Results: The 10-fold cross-validated Extreme Gradient Boosting classifier achieved a support-weighted average precision, recall, F₁, and accuracy score of 0.73, 0.73, 0.73, and 0.73, respectively. In one-versus-rest tasks, individual category AUCs ranged from 0.89 to 0.97, with a microaverage AUC of 0.95. ADHD posts were classified with the highest AUC of 0.97, indicating distinct linguistic features, while BPD posts had the lowest AUC of 0.89, suggesting greater linguistic overlap with other conditions. Consistent with the classifier results, the ADHD posts have a more visually distinct cluster in the Uniform Manifold Approximation and Projection projects, while BPD overlaps with depression, anxiety, and schizophrenia. Comparisons with other state-of-the-art embedding methods, such as OpenAI’s text-embedding-3-small (AUC=0.94) and sentence-bidirectional encoder representations from transformers (AUC=0.86), demonstrated superior performance of the Generative Representational Instruction Tuning Language Model-7B model.

Conclusions: This study introduces an innovative use of LLMs in psychiatry, showcasing their potential to objectively examine language use for distinguishing between different psychiatric disorders. The findings highlight the capability of LLMs to offer valuable insights into the linguistic patterns unique to various conditions, paving the way for more efficient, patient-focused diagnostic and monitoring strategies. Future research should aim to validate these results with clinically confirmed populations and investigate the implications of comorbidity and spectrum disorders.

JMIR AI 2025;4:e67369

doi:10.2196/67369

Keywords

Psychiatric disorders encompass a diverse range of conditions affecting an individual’s thoughts, emotions, and behaviors. These disorders are characterized by complex and heterogeneous symptomatology, making it difficult to establish precise diagnostic criteria and monitor disease progression over time [1]. While standardized clinical interviews and questionnaires are commonly used, they rely on subjective assessments and can be time-consuming or insensitive to subtle changes, potentially leading to misdiagnosis and delayed intervention [2] .

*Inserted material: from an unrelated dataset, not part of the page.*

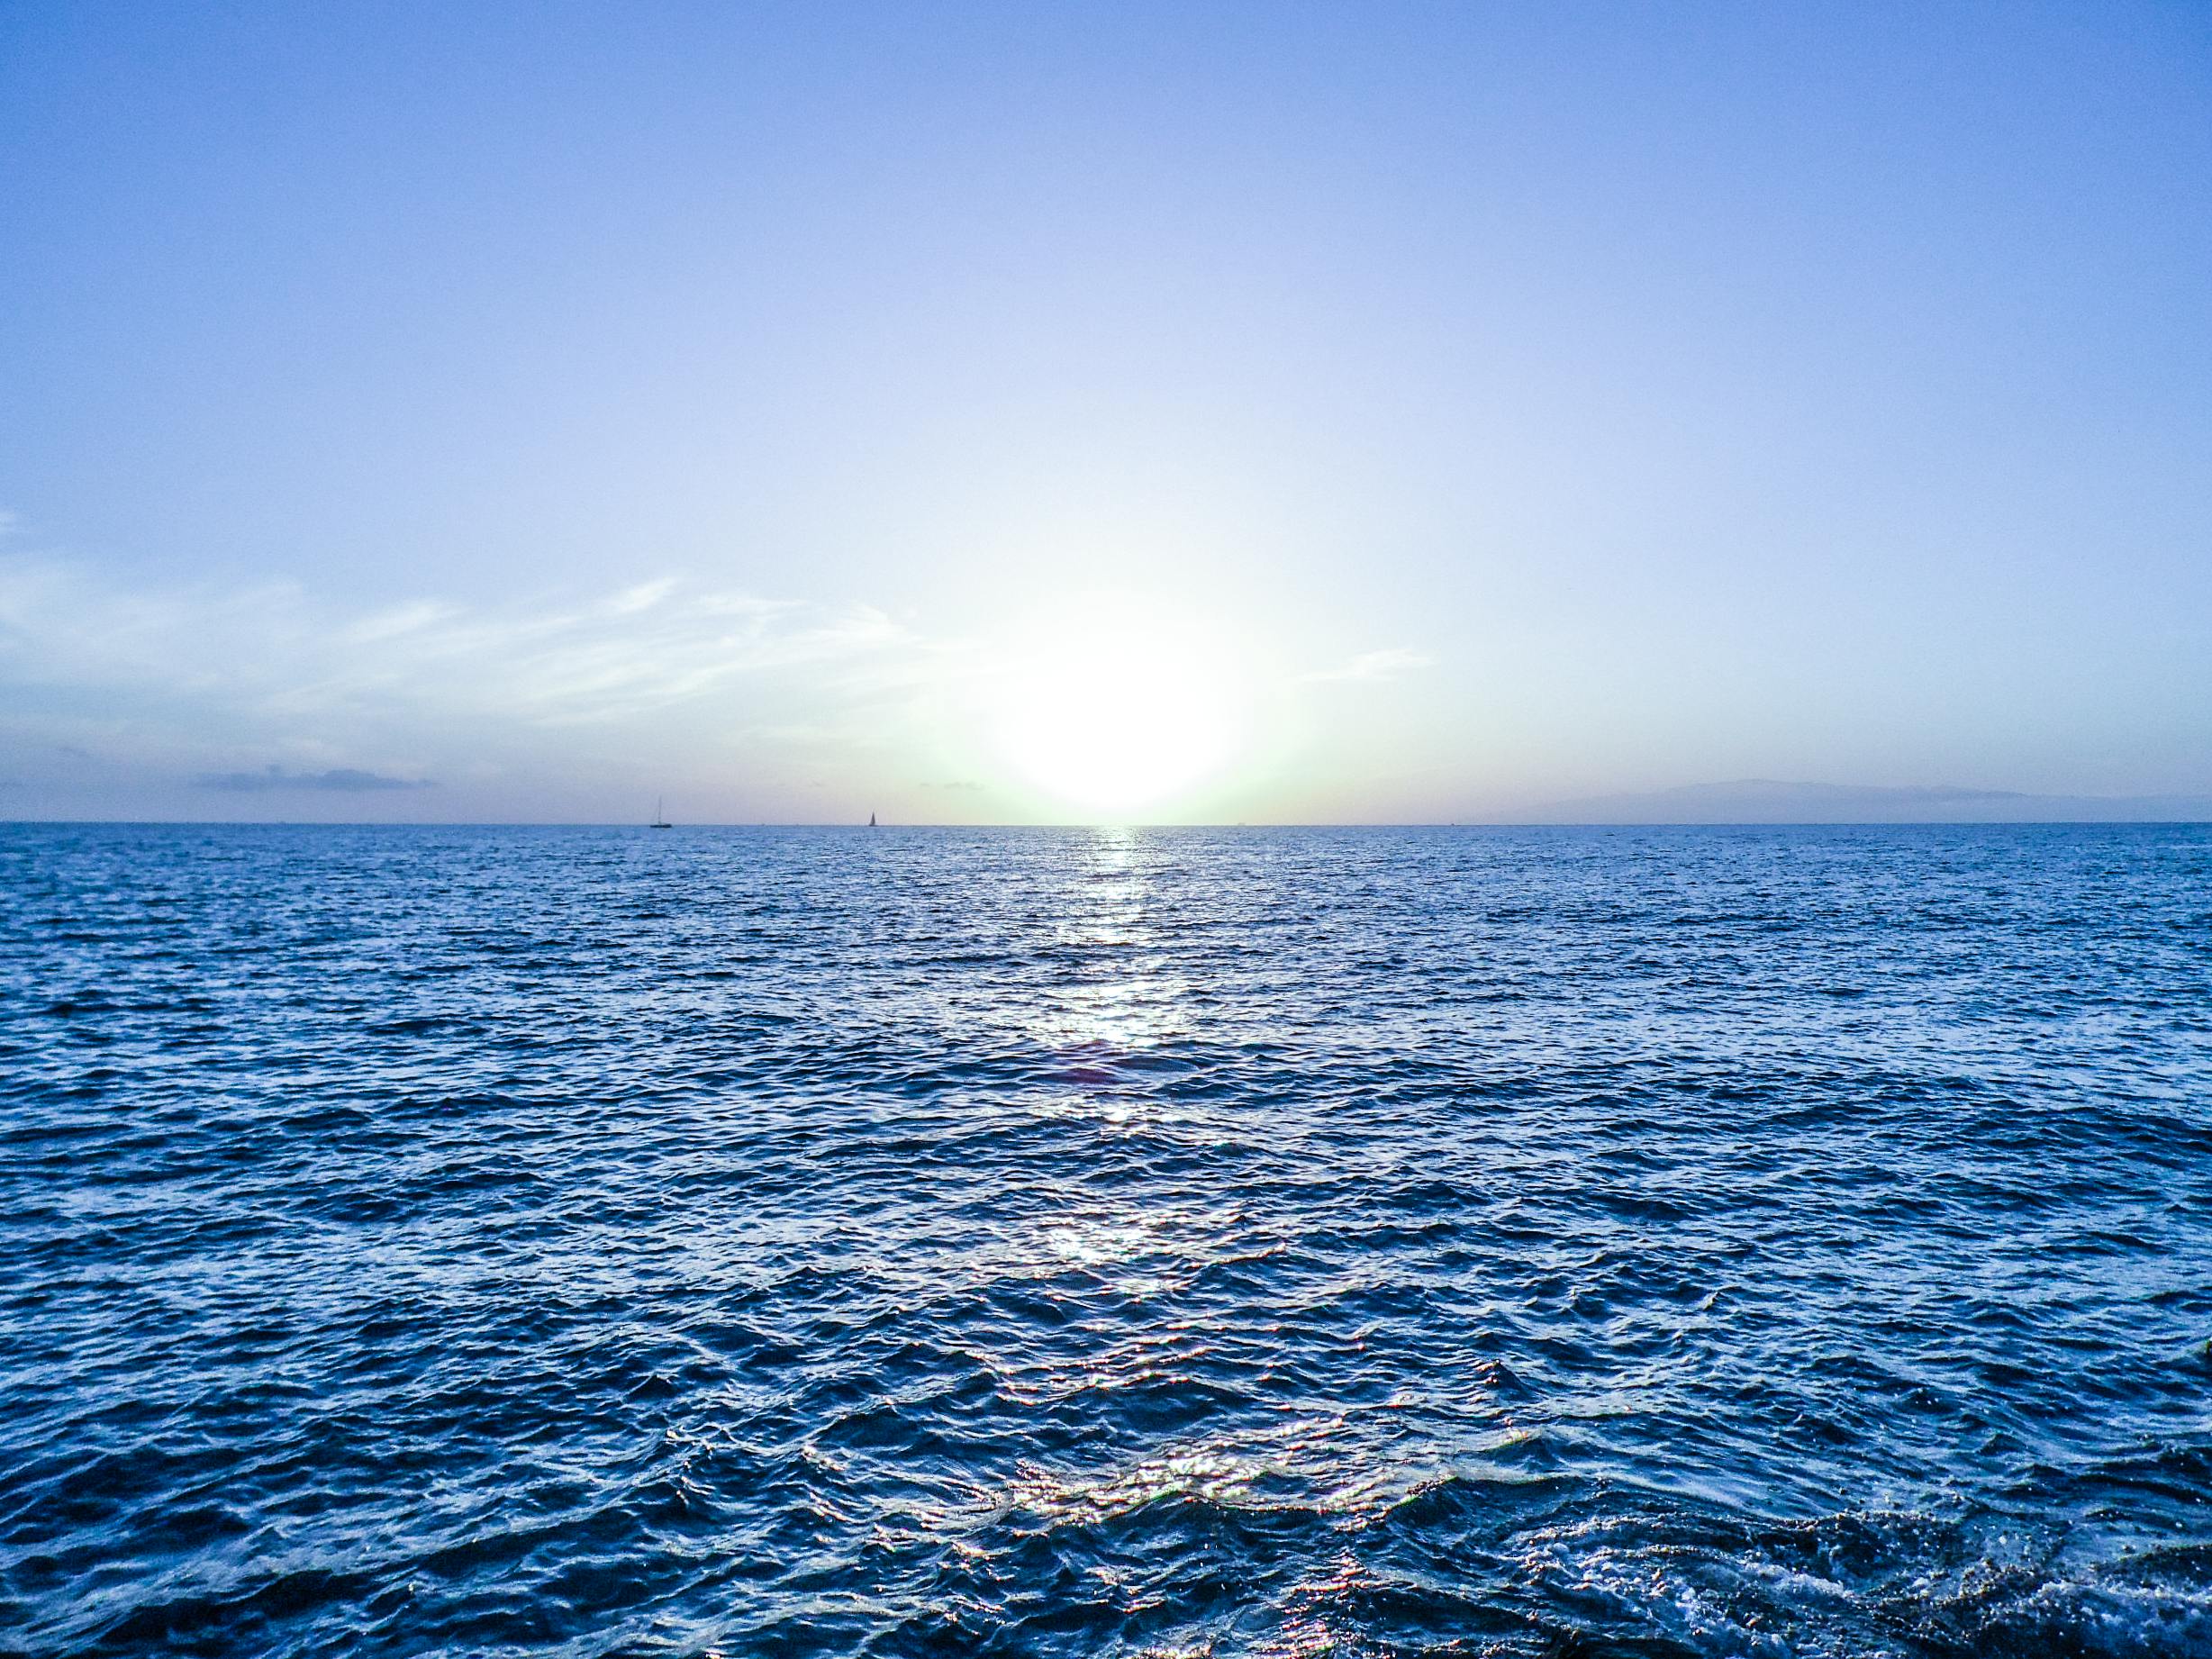 1000 Scenic Sea Pictures · Pexels · Free Stock Photos
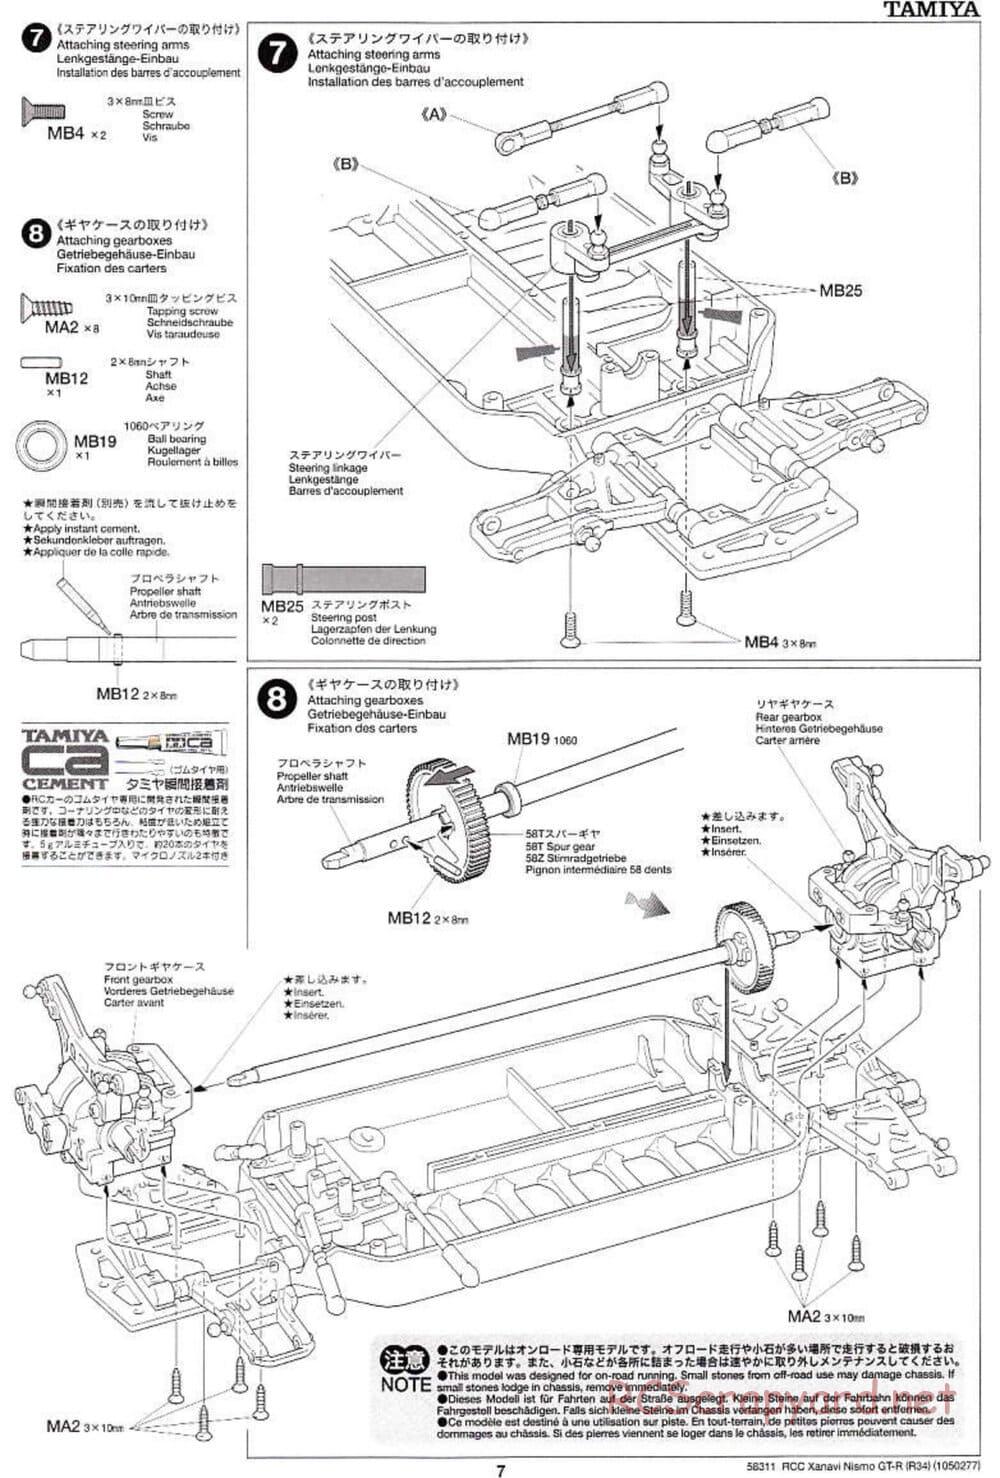 Tamiya - Xanavi Nismo GT-R (R34) - TB-02 Chassis - Manual - Page 7

Language, as a fundamental aspect of human communication, reflects the intricate interplay between thoughts, emotions, and experiences. Quantitative analysis of language usage has emerged as a valuable tool for providing objective measures for diagnosing and differentiating between different psychiatric disorders. Studies have demonstrated that language-based features, such as syntactic complexity, semantic coherence, and emotional valence, can serve as reliable markers for differentiating between psychiatric disorders. For instance, individuals with schizophrenia often exhibit disturbances in their speech patterns, characterized by disorganized syntax and impaired semantic coherence [3]. Similarly, individuals with borderline personality disorder (BPD) have higher levels of overall expressive language impairment, as well as decreased syntactic and lexical complexity [4].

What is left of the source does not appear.